RAW DATA Start Marker
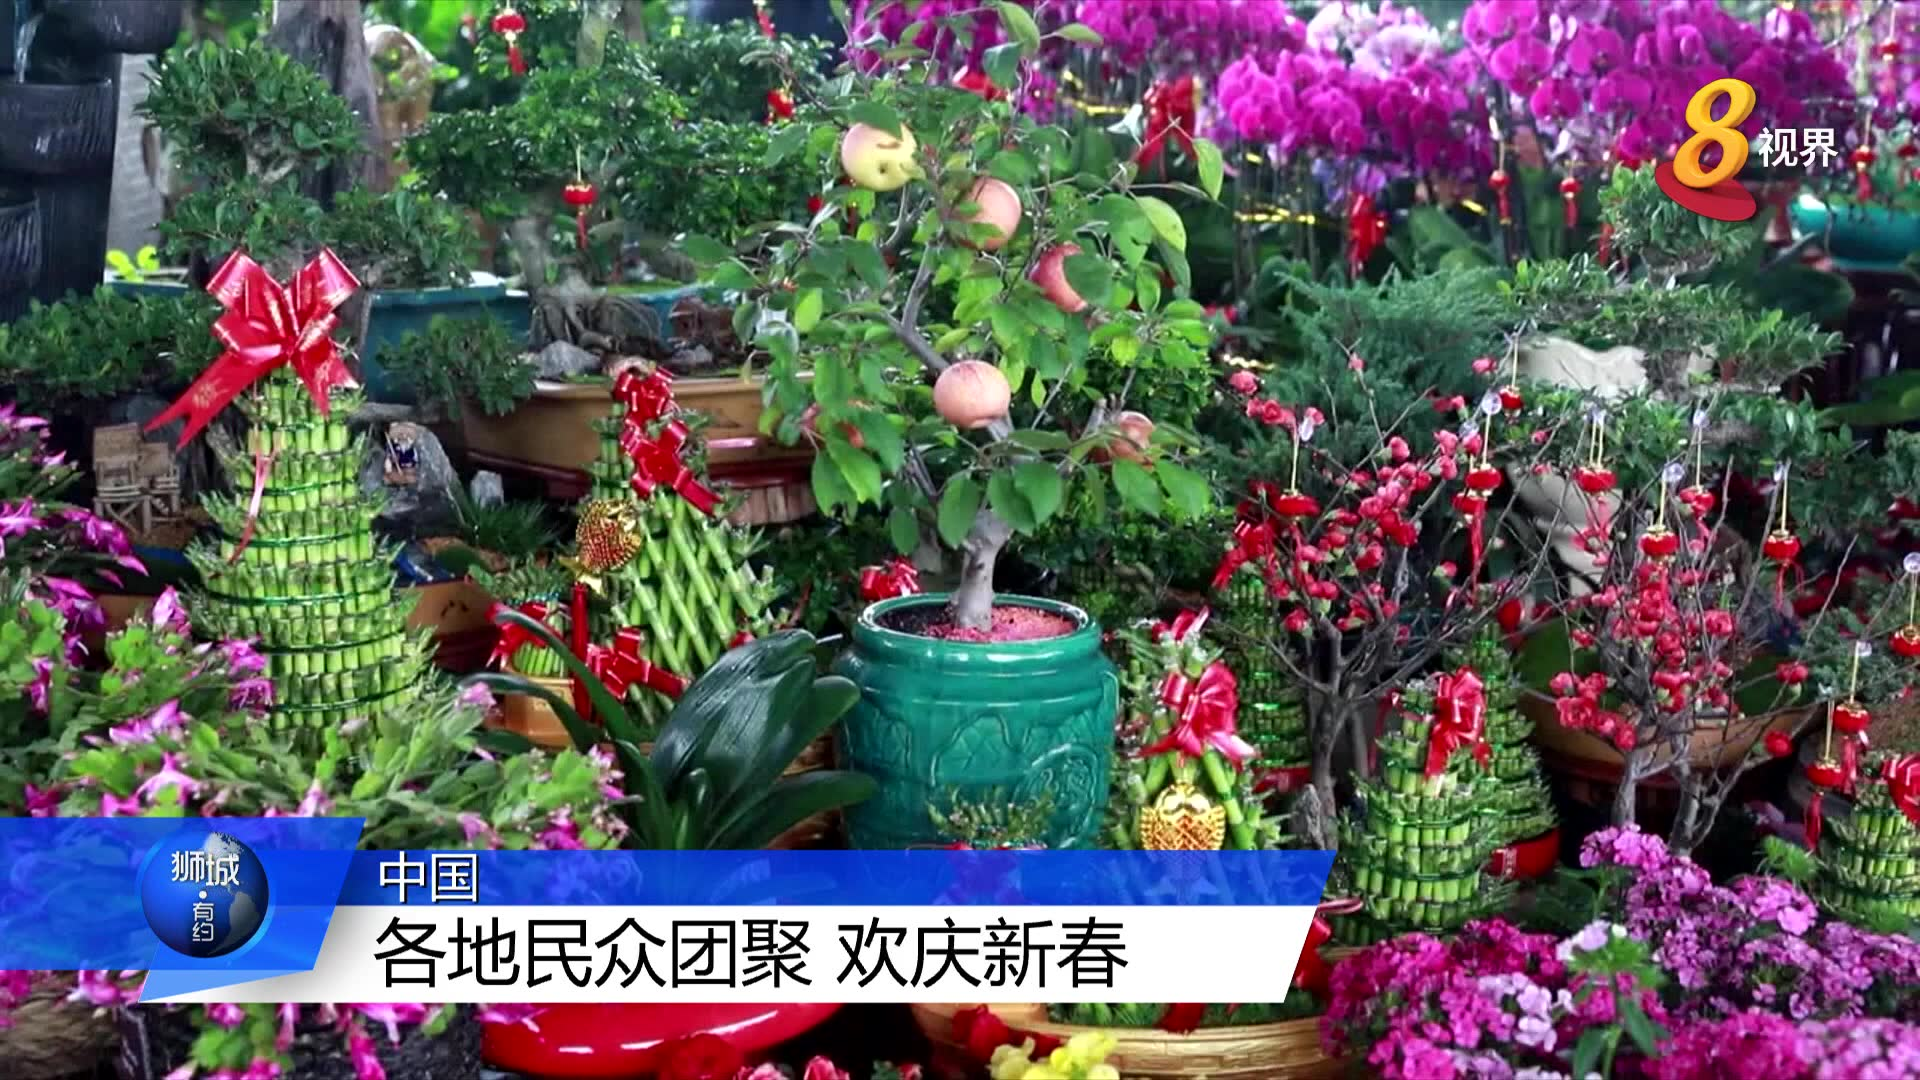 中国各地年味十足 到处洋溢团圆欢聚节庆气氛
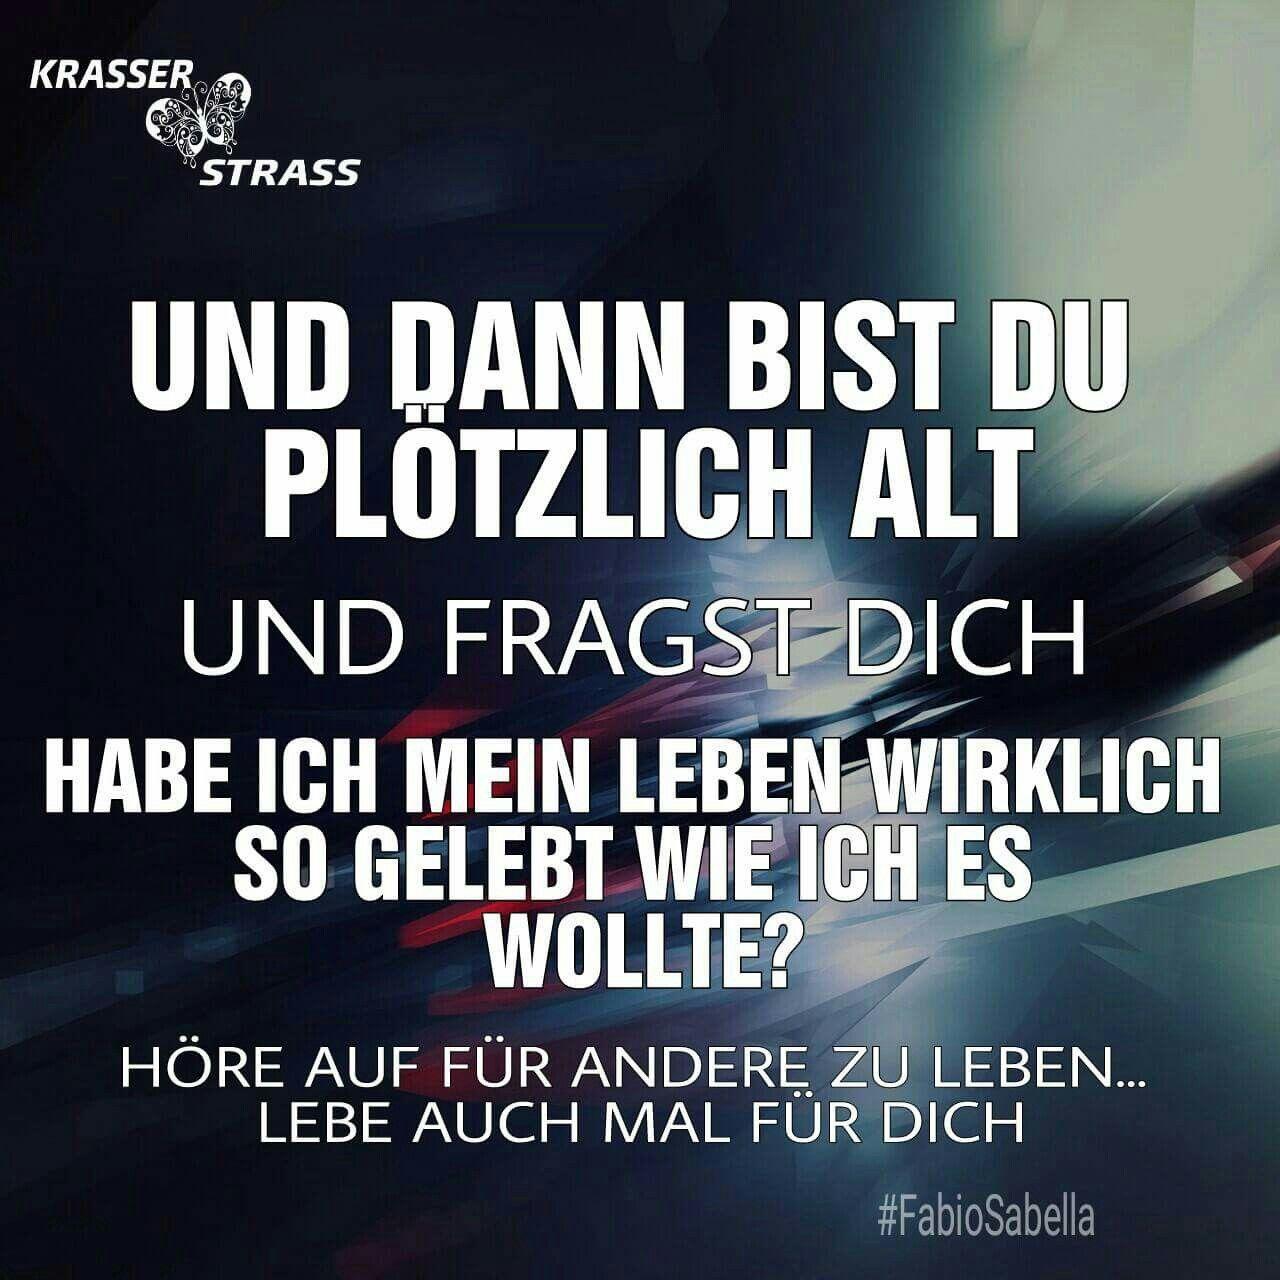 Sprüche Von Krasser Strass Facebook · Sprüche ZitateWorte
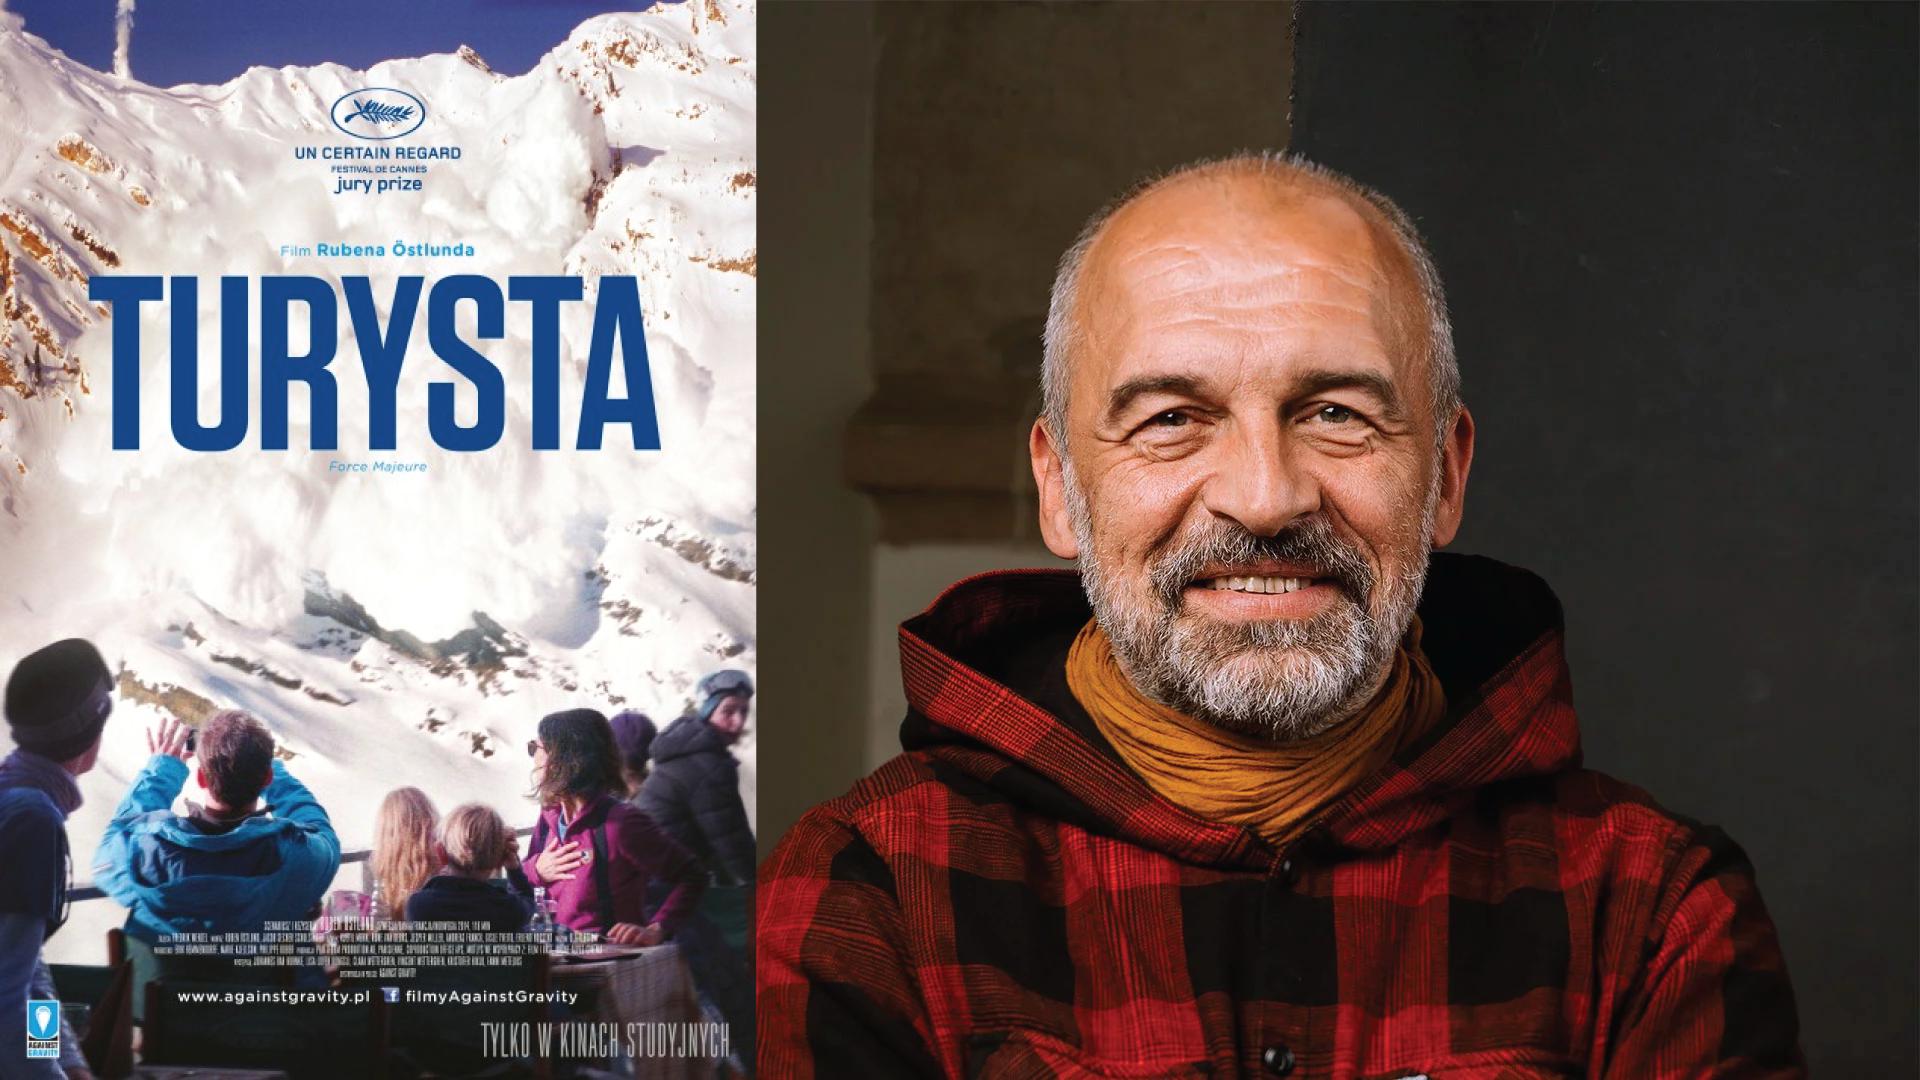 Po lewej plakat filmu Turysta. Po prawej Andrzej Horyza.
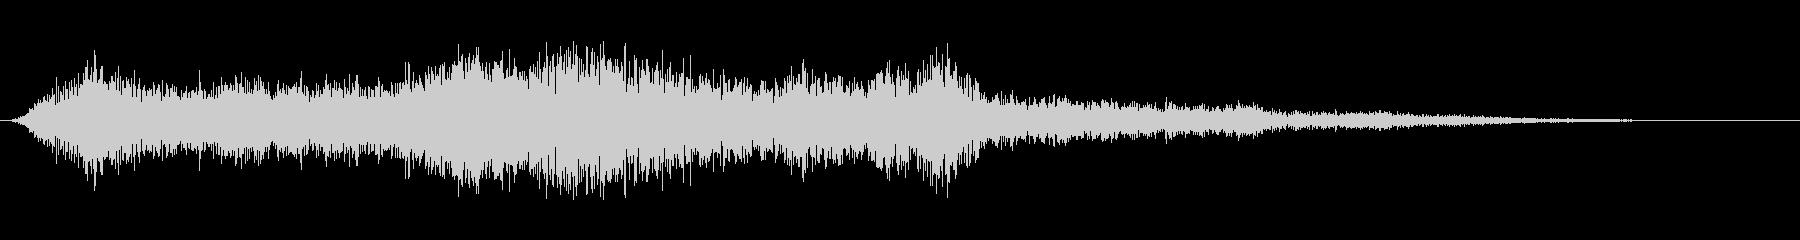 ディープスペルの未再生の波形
RAW DATA End Marker
AIM OF THE EXERCISE: I would like the data copied exactly as it stands, with no pictures included.

REPLY:
 中国各地年味十足 到处洋溢团圆欢聚节庆气氛
 Sprüche Von Krasser Strass Facebook · Sprüche ZitateWorte
 Po lewej plakat filmu Turysta. Po prawej Andrzej Horyza.
 ディープスペルの未再生の波形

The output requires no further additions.